Validity of allowing $\epsilon$ to vanish in Baby Rudin Theorem 3.10a

Question

In Theorem 3.10a of Rudin's PMA, we prove that $$\text{diam } \bar E = \text{diam } E$$ by

[fixing] $\epsilon>0$ and [choosing] $p \in \bar E, q \in \bar E$. By the definition of $\bar E$ there are points $p'$, $q'$, in $E$ such that $d(p,p')<\epsilon, d(q,q')<\epsilon.$ Hence

\begin{align} d(p,q) &\leq d(p,p') + d(p',q')+ d(q',q) \\ &< 2\epsilon + d(p',q') \leq 2\epsilon+\text{diam } E \end{align}

It follows that $$\text{diam } \bar E \leq 2\epsilon+ \text{diam } E$$

Since $\epsilon$ was arbitrary, the theorem is proved.
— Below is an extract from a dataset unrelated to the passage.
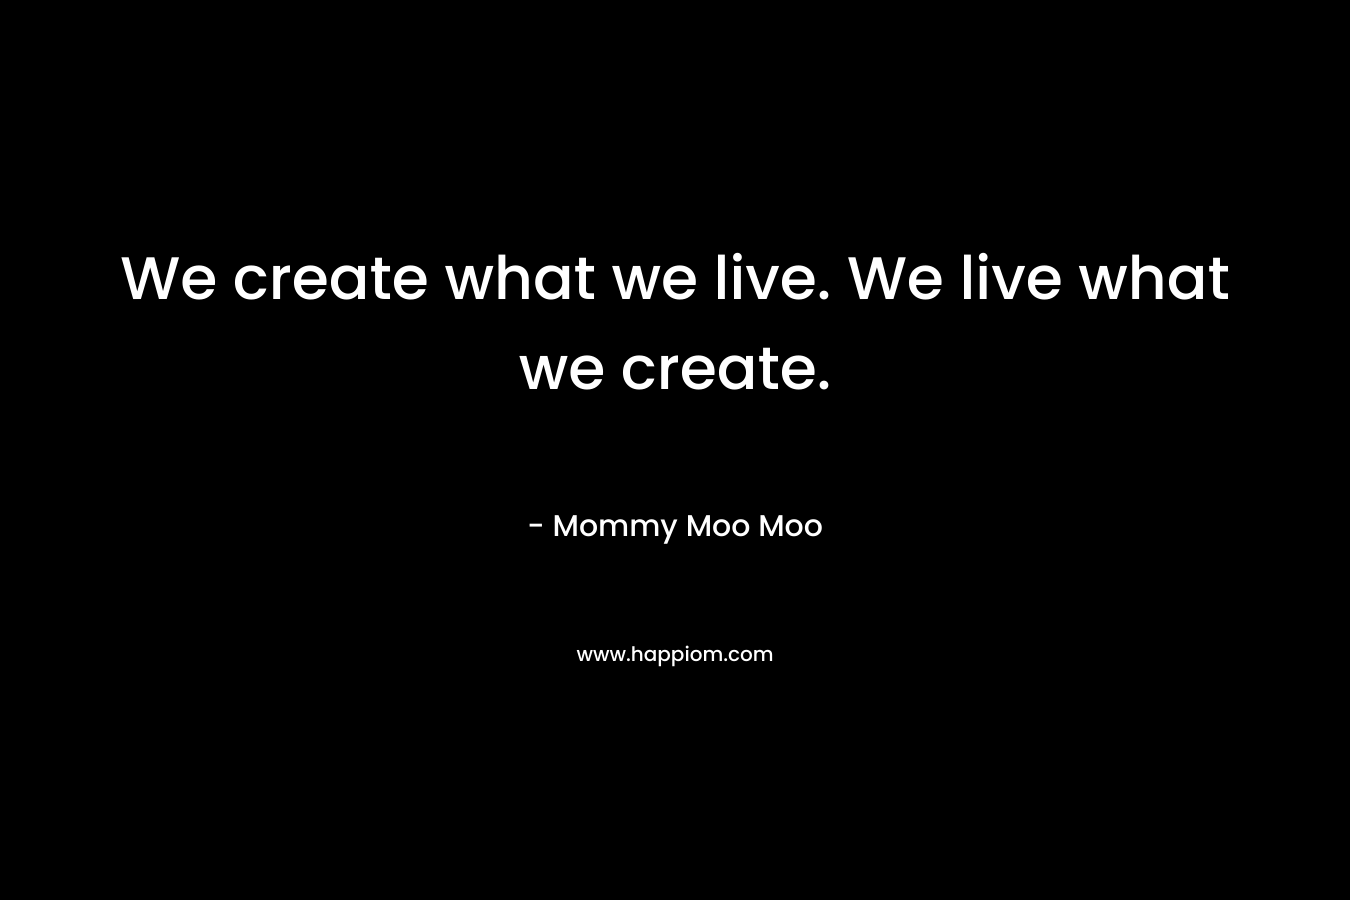 We create what we live. We live what we create.

Why is this valid? To me it seems that $\text{diam } \bar E$ approaches, but never reaches, $\text{diam } E$. I get that $\epsilon$ can be arbitrarily small, but we $did$ fix $\epsilon>0$, so how can they be equal?

Answer 1

$\text{diam}\;\bar{E}$ doesn't approach a value, it has a fixed value, $x$ say.
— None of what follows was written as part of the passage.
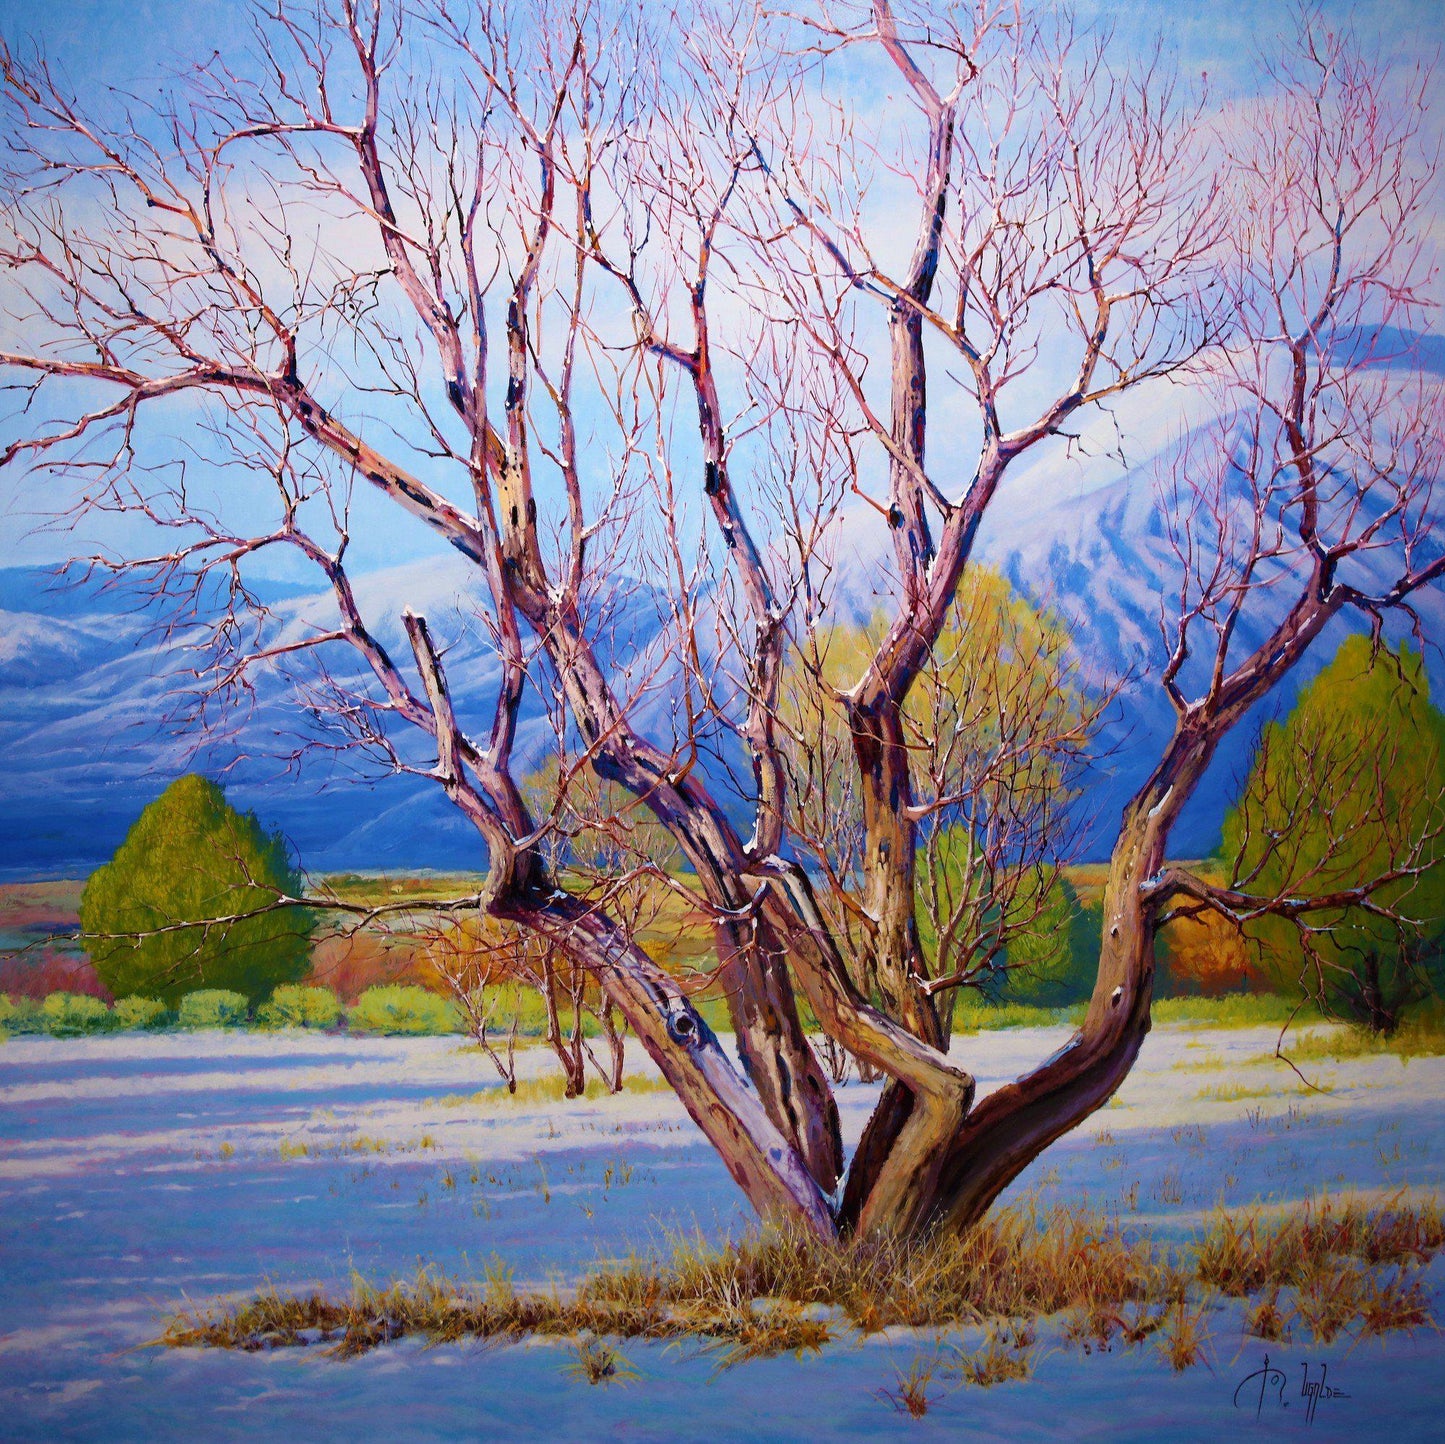 Apple Tree In Winter-Painting-Roberto Ugalde-Sorrel Sky Gallery

Similarly, $\text{diam}\;E$ has a fixed value, $y$ say.

Since the inequality $0\le x-y\le 2\epsilon$ holds for all $\epsilon > 0$, it follows that $x=y$.

Answer 2

Suppose otherewise. That is, suppose that $\operatorname{diam}\overline E>\operatorname{diam}E$. Then take $\varepsilon<\dfrac{\operatorname{diam}\overline E-\operatorname{diam}E}2$. So $\varepsilon>0$ and $\operatorname{diam}\overline E>2\varepsilon+\operatorname{diam}E$, which goes against what Rudin proved.

Note that Rudin uses no passage to the limit.